Sauf que la situation n’est pas la même pour toutes les familles. Aujourd’hui, ce qui reste aux familles de Camp-Firinga, c’est la conviction qu’ils réussiront un jour à sortir la tête hors de l’eau.
Lakaz Zen : un avenir pour les jeunes
Au coeur de Camp-Firinga, un soupçon d’espoir… Les enfants laissés à eux-mêmes sont pris en charge par un groupe de bénévoles du groupe ENSAM. Grâce à leur combat, ils ont réussi à ouvrir un centre d’épanouissement à l’intention des jeunes.

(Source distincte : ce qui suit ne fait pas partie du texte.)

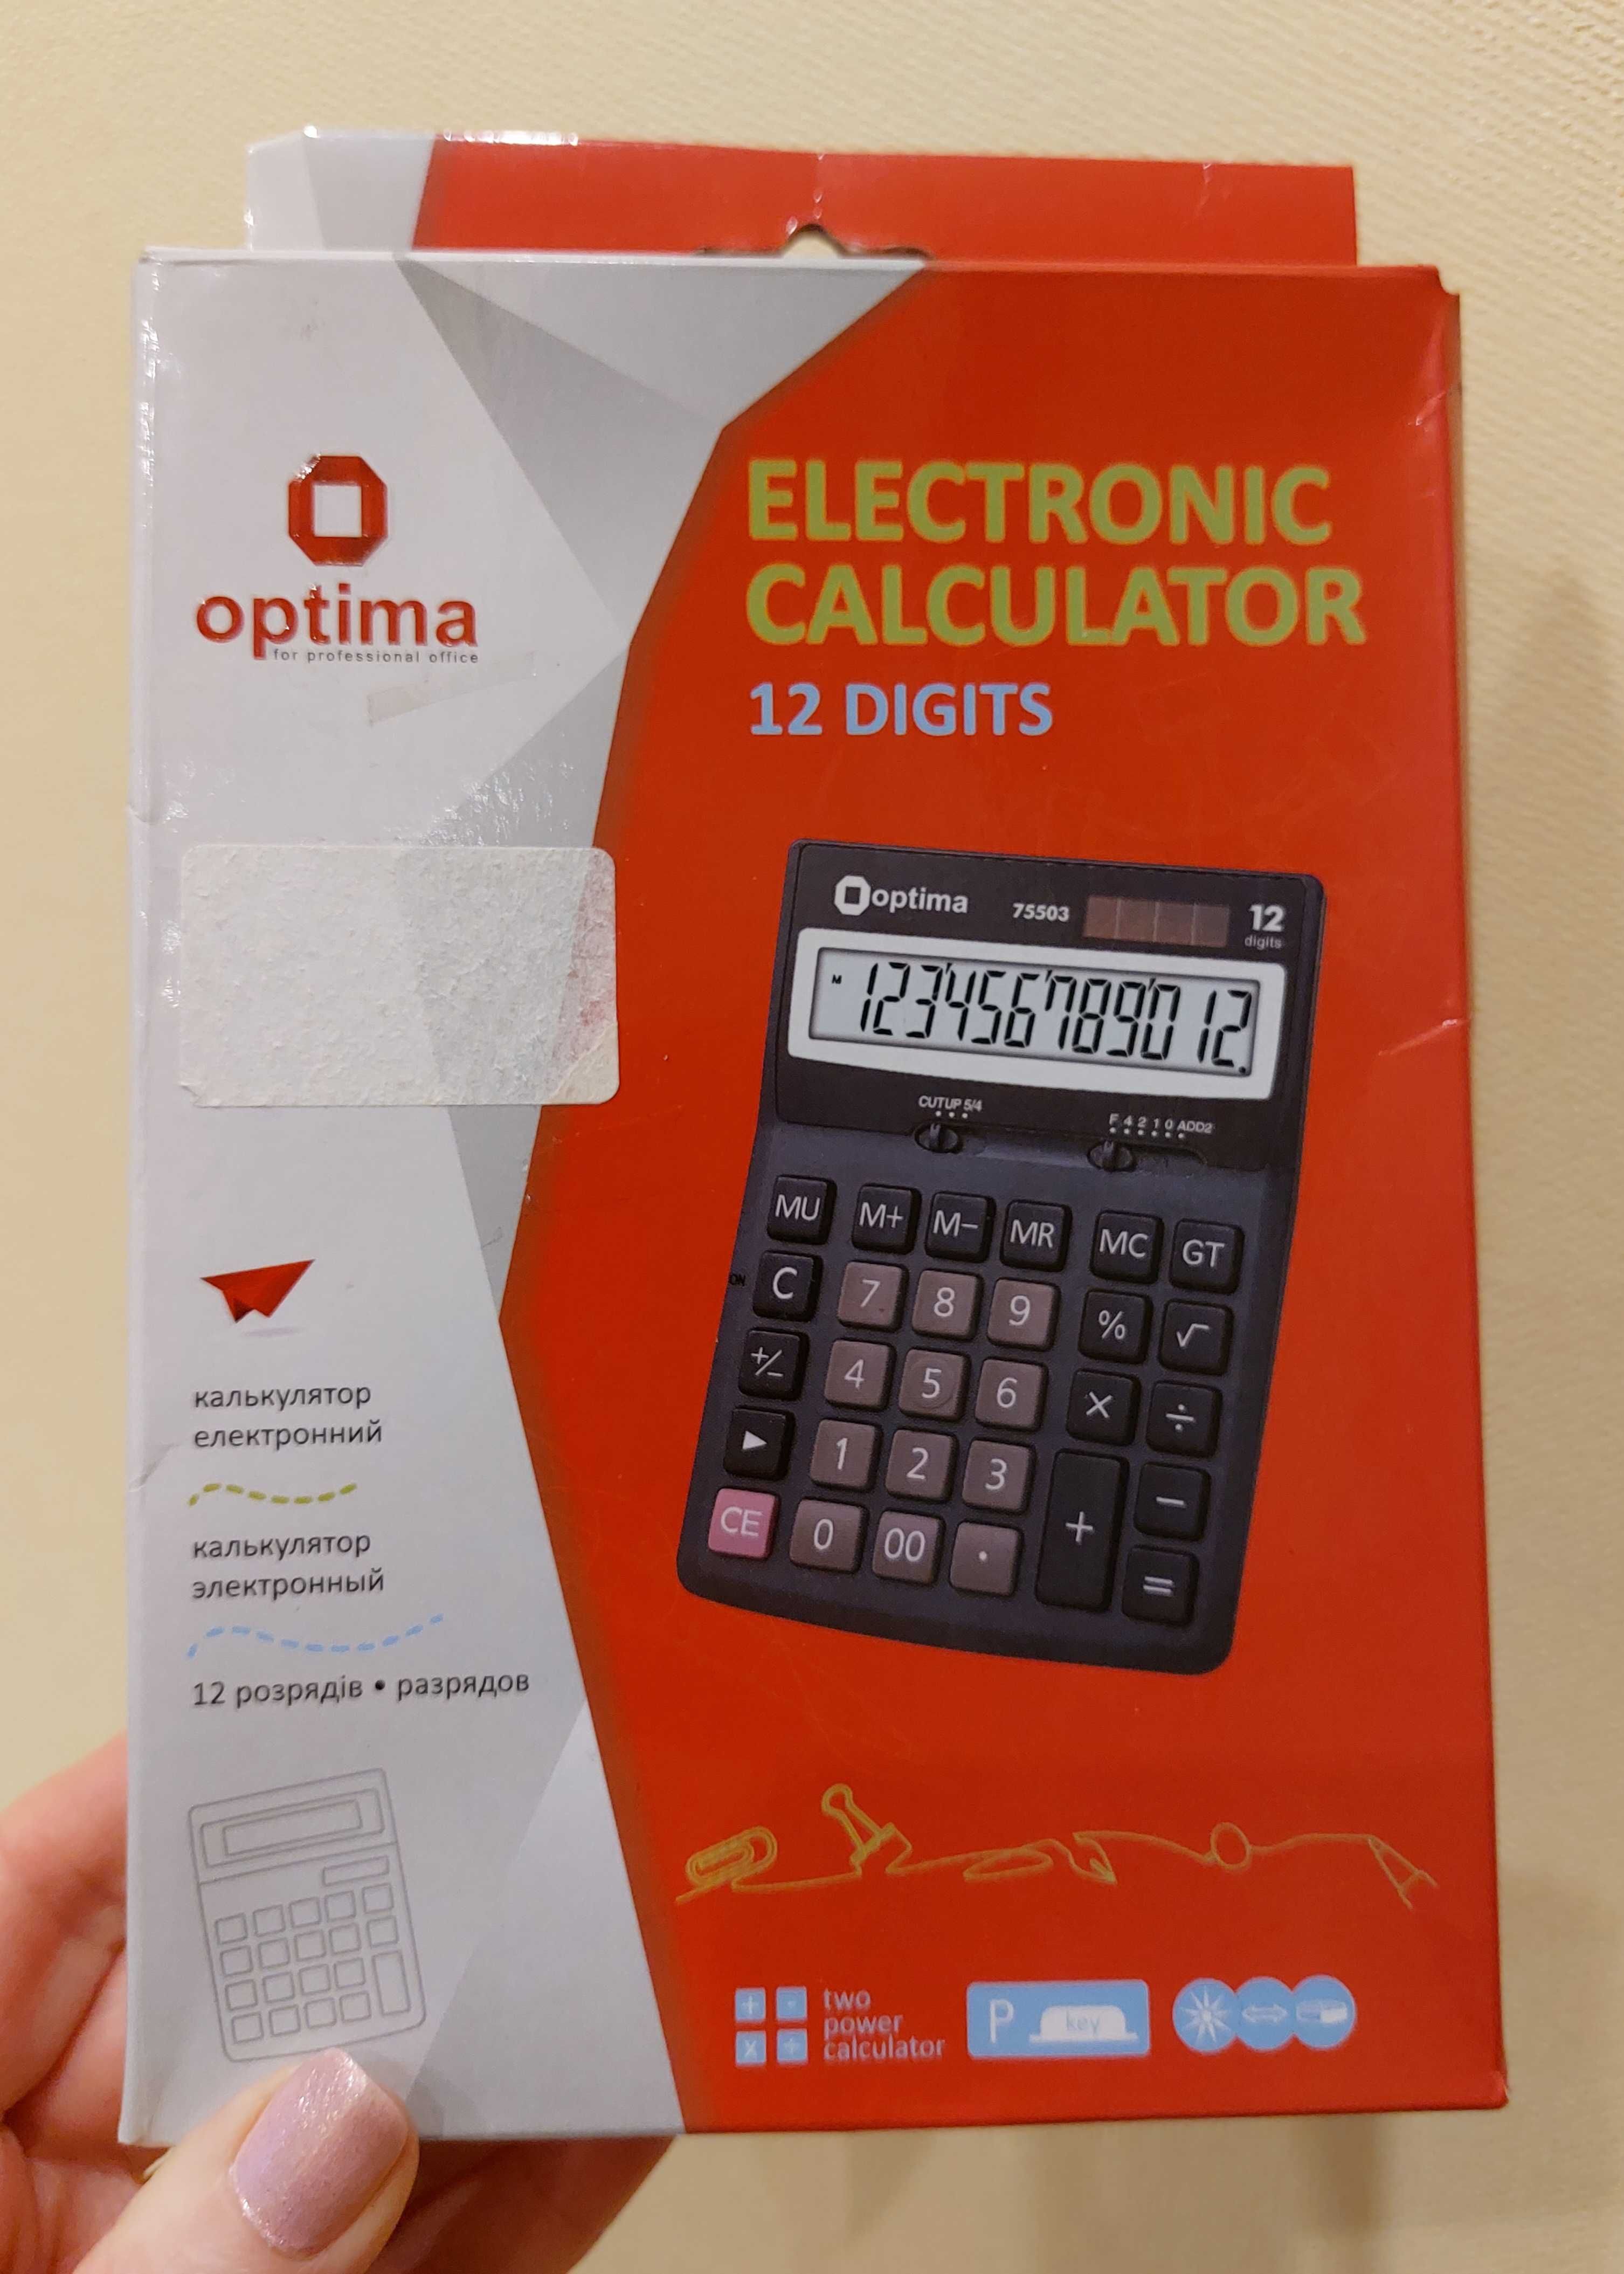 Новые калькуляторы BRILLIANT BS-777RD и Optima 75503, 12 разрядов

Trente-six jeunes sont encadrés et suivis au sein de LaKaz Zen. Parmi les bénévoles de ce centre figurent Dorianna Rayeroux, Jean-Claude Emilien et Marie Anne Arlanda. Leur objectif : redonner confiance aux jeunes qui ont été rejetés du système éducatif. Le centre leur permet ainsi de faire ce qu’ils aiment vraiment. «Nous voulons trouver le trésor en eux et le développer. Ainsi, des cours de cuisine, de bricolage, de coiffure, de peinture, de jardinage et bien d’autres, leur sont proposés bénévolement par des professionnels. Ils traînaient les rues sans savoir quoi faire de leur vie.» Conscients qu’il y a encore beaucoup de travail à faire, les travailleurs sociaux déplorent le manque d’encadrement des parents, sachant qu’eux aussi limités. «Il existe un centre à Camp-Firinga géré par la municipalité, mais ce centre n’est pas utilisé comme il se doit. Il est important qu’il y ait un suivi psychologique aussi bien des parents que des enfants issus de familles à problèmes.»
Lakaz Zen, toutefois, se retrouvera d’ici le mois prochain à court de budget pour continuer ses projets auprès des enfants de la région. «Nous organisons une quête dans les supermarchés en août et nous comptons beaucoup sur l’aide des Mauriciens».